▶ What this task involves:
Would you repeat exactly the part of the listing below that runs from the line containing "I Am Sorry - I" down to the line containing "Spodnie chinos slim", inclusive, and nothing else?

▶ Available data:
┌──
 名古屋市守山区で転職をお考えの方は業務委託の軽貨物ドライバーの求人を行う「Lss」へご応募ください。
└──
┌──
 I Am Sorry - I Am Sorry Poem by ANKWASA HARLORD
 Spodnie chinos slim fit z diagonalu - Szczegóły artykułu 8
└──
▶ Problem solution:
 I Am Sorry - I Am Sorry Poem by ANKWASA HARLORD
 Spodnie chinos slim fit z diagonalu - Szczegóły artykułu 8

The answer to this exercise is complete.